Sound hyperbolic? Maybe a little. But such a storied rivalry deserves this brand of hyperbole. Especially when it’s rooted in truth. To understand the stakes on Saturday in Columbus, it’s necessary first to understand some recent history …

The tune was called “Buckeye Swag,” and the title seemed wholly appropriate. The Best Damn Band in the Land blasted that banger through a rapidly emptying Spartan Stadium a little more than 10 years ago. On the field, Ohio State players danced. Even Urban Meyer bobbed his head a little to celebrate a 17-16 win against a Michigan State program that had emerged as one of Ohio State’s chief contenders during the tail end of the Jim Tressel era.

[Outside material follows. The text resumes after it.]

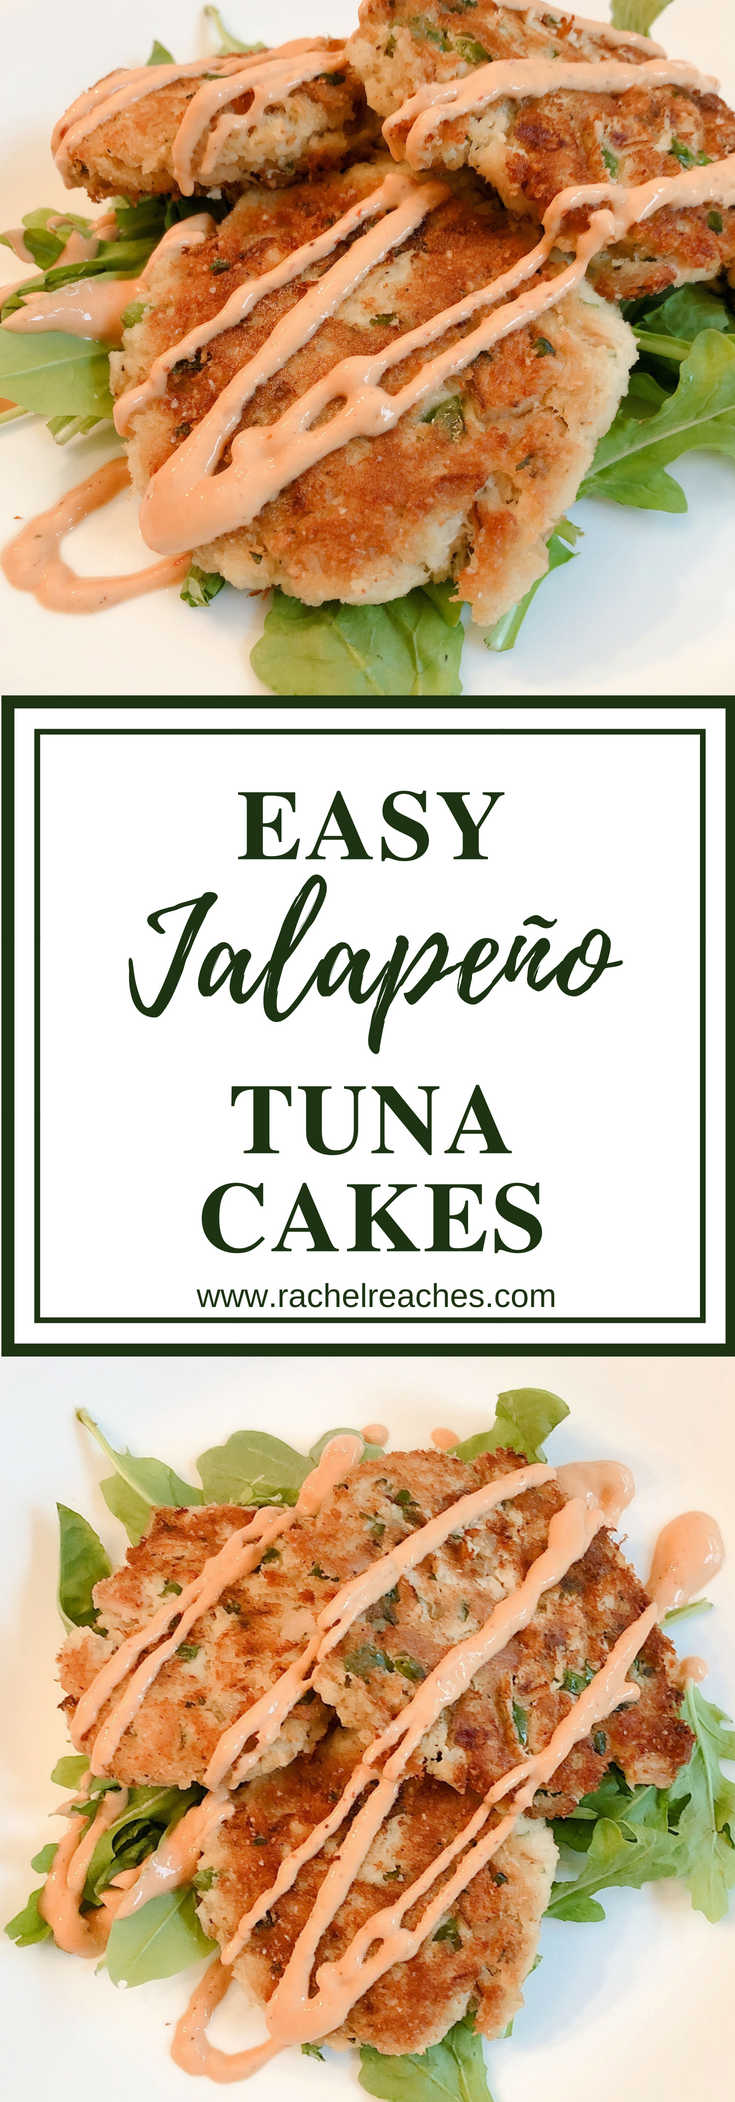 Jalapeno Tuna Cakes Pin - Healthy Eating.png

After covering that game, I wrote this message to the rest of the Big Ten in a column for Sports Illustrated:

You are completely screwed.

You might get Meyer this season. His Buckeyes are still fragile and vulnerable at times. Heck, Nebraska might even beat Ohio State in the Horseshoe Saturday. But Meyer will put you through a living nightmare in successive seasons. It won’t last forever, because the same external factors that plagued Meyer at the end of his tenure at Florida exist at Ohio State, but the next few years will be miserable.

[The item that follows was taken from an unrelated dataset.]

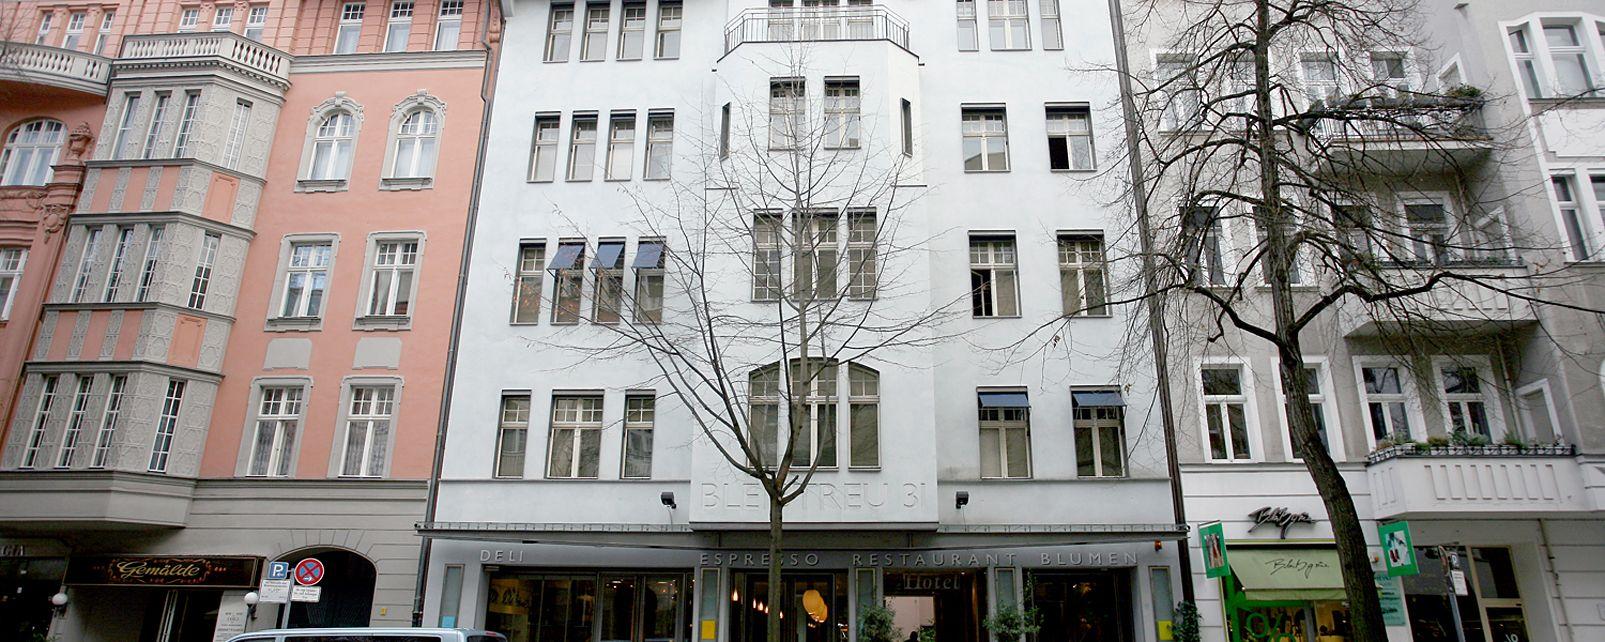 Hôtel Bleibtreu Berlin

Nearly every word came to pass. (Unfortunately for Nebraska, Ohio State won 63-38 the next week.)

The point was that after watching Meyer defeat some of the league’s better programs with a roster consisting of Braxton Miller and duct tape, it was obvious that Ohio State would ascend to a completely different level from the rest of the league. Meyer would build the same kind of roster at Ohio State that he had at Florida. And unlike the SEC, which had Nick Saban and several others who understood what Meyer was doing, the Big Ten coaches were largely unprepared for how thoroughly Meyer would upgrade Ohio State’s talent. Tressel recruited well, but this would be a different beast entirely.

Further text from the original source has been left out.